**Dataset content**.

++++++++

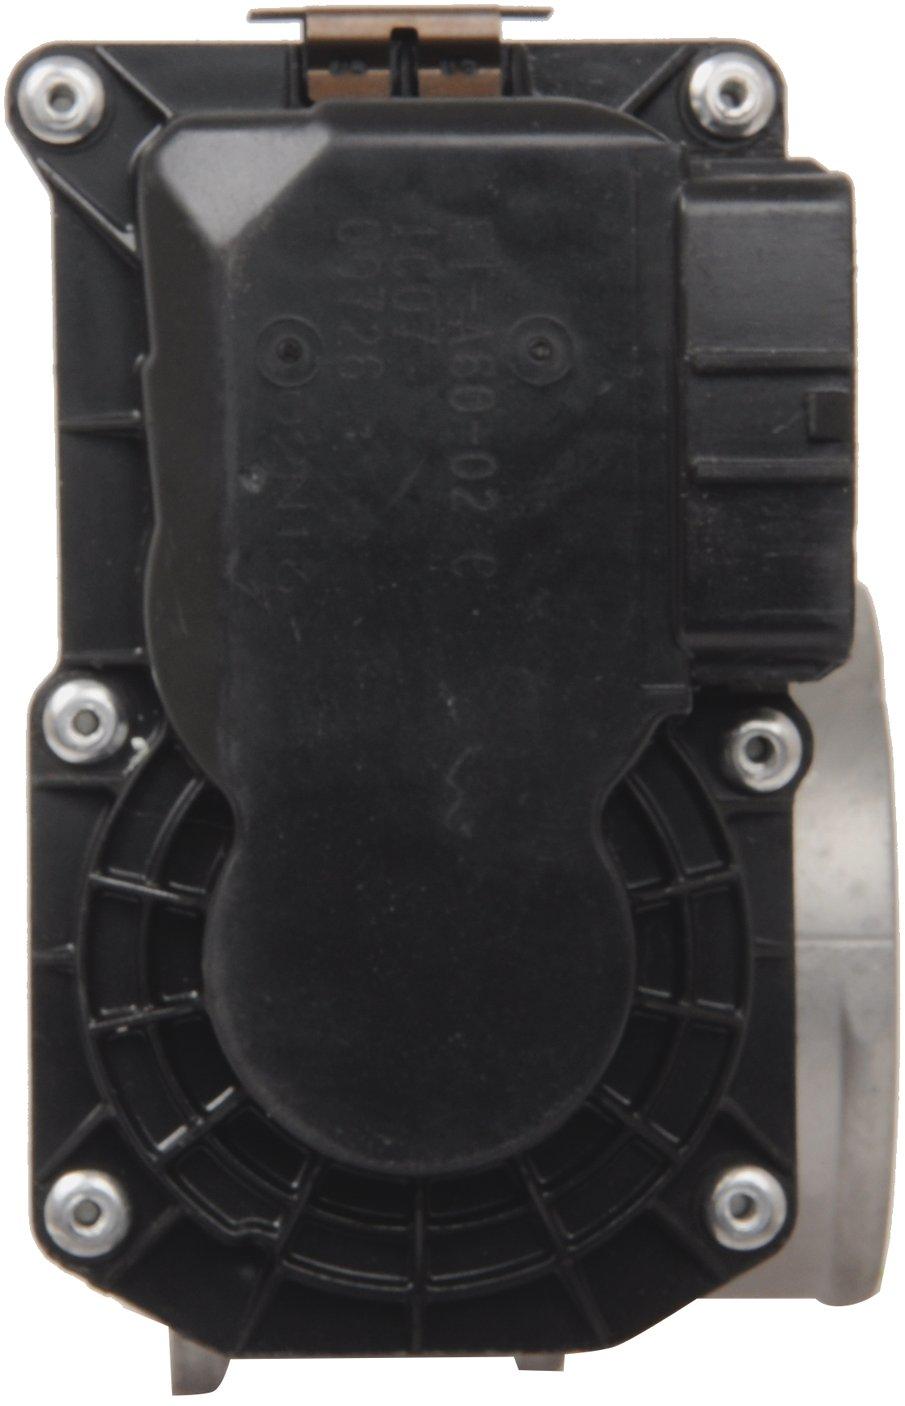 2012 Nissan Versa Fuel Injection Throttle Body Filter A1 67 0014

++++++++

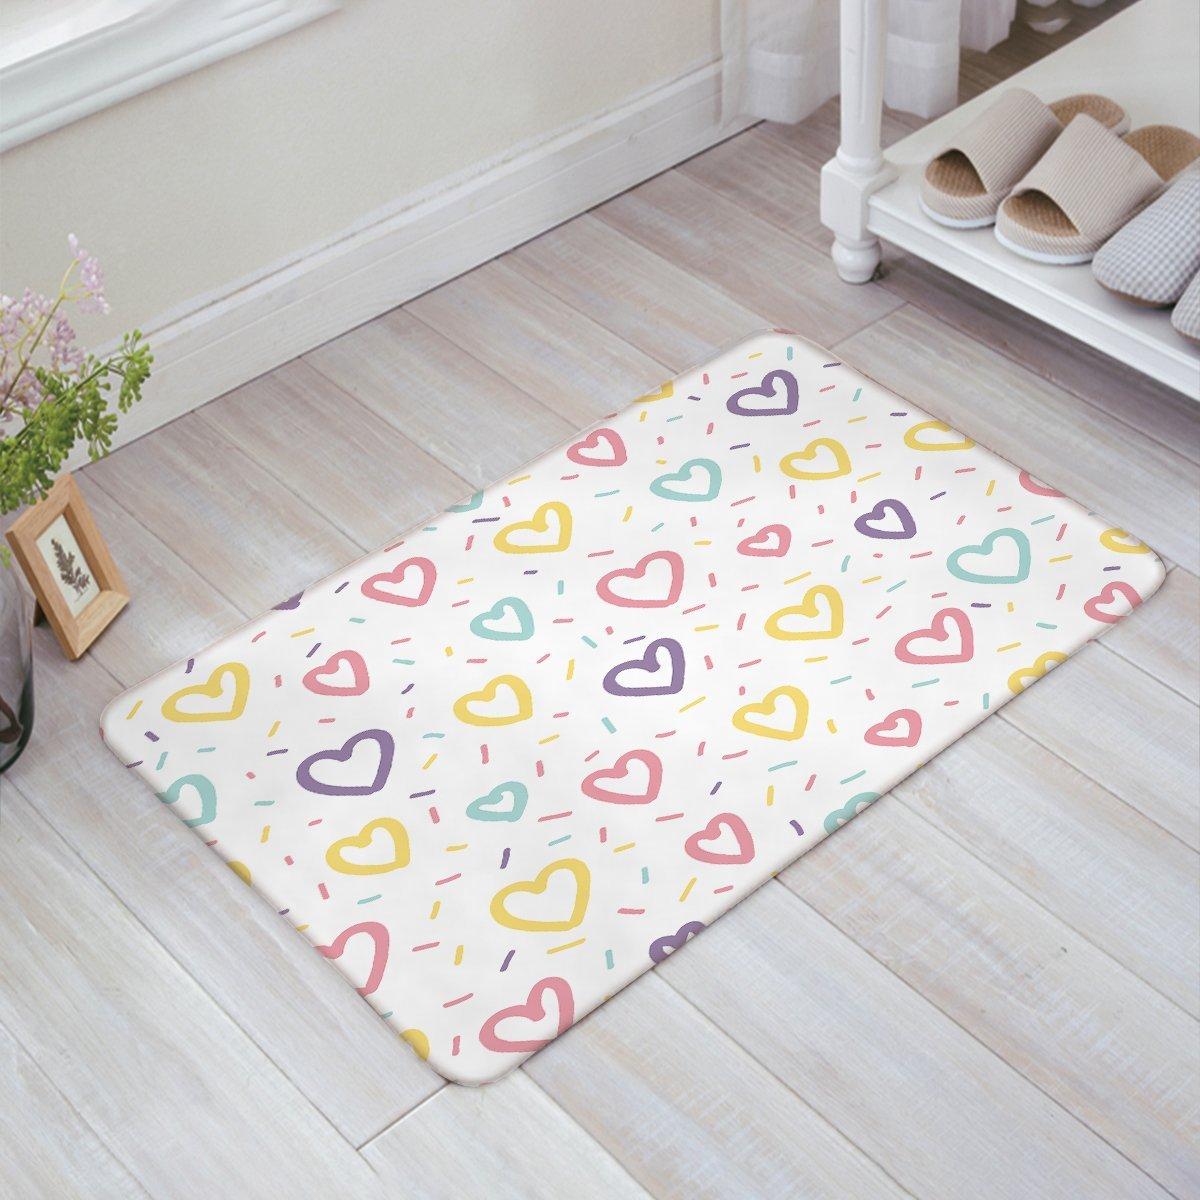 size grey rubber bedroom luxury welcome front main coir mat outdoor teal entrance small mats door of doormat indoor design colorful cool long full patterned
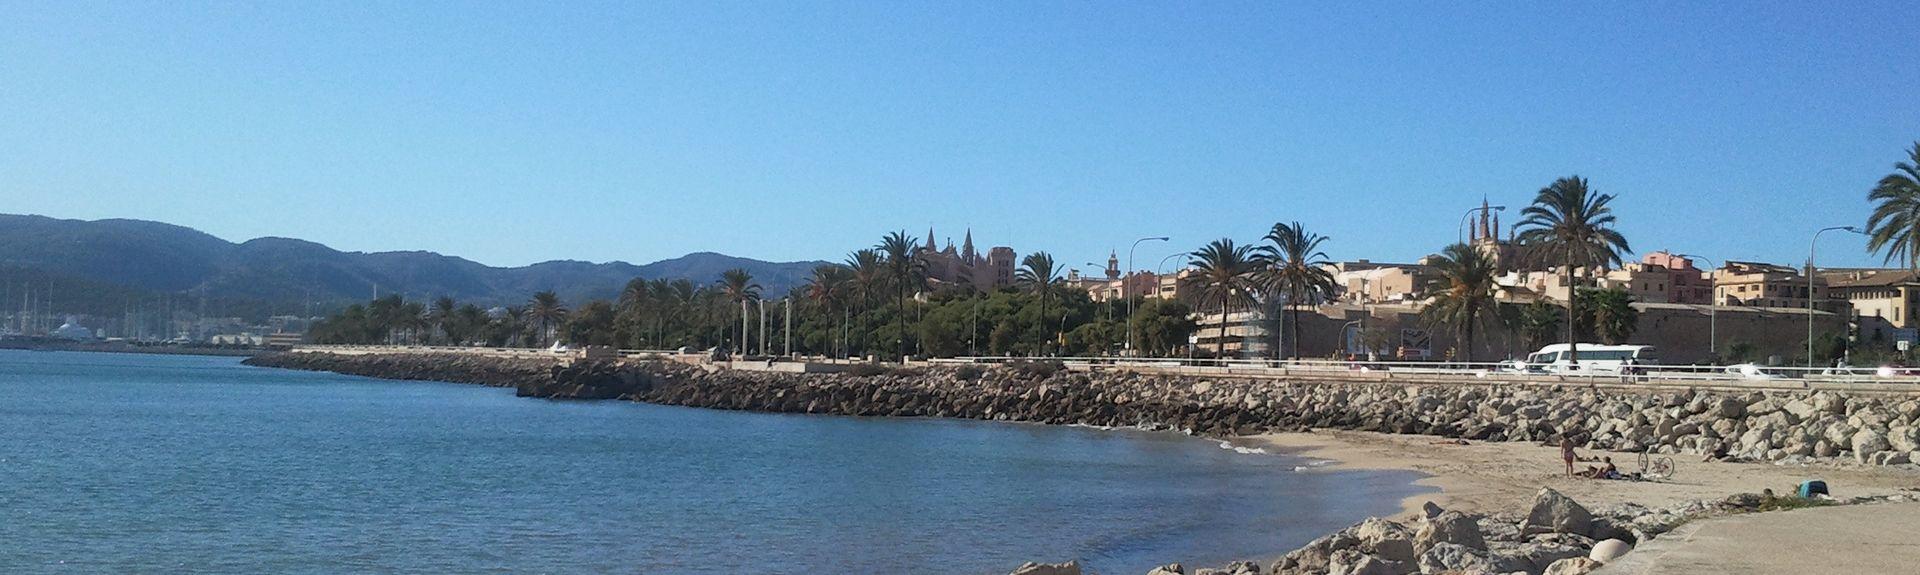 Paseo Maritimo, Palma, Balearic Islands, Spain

++++++++

**Exercise goal**. In the entries above, find the line that contains "size grey rubber" and the line that contains "Paseo Maritimo, Palma, Balearic". Reproduce exactly those two lines and every line between them, but not the pictures.

**Output of the task**.
 size grey rubber bedroom luxury welcome front main coir mat outdoor teal entrance small mats door of doormat indoor design colorful cool long full patterned
 Paseo Maritimo, Palma, Balearic Islands, Spain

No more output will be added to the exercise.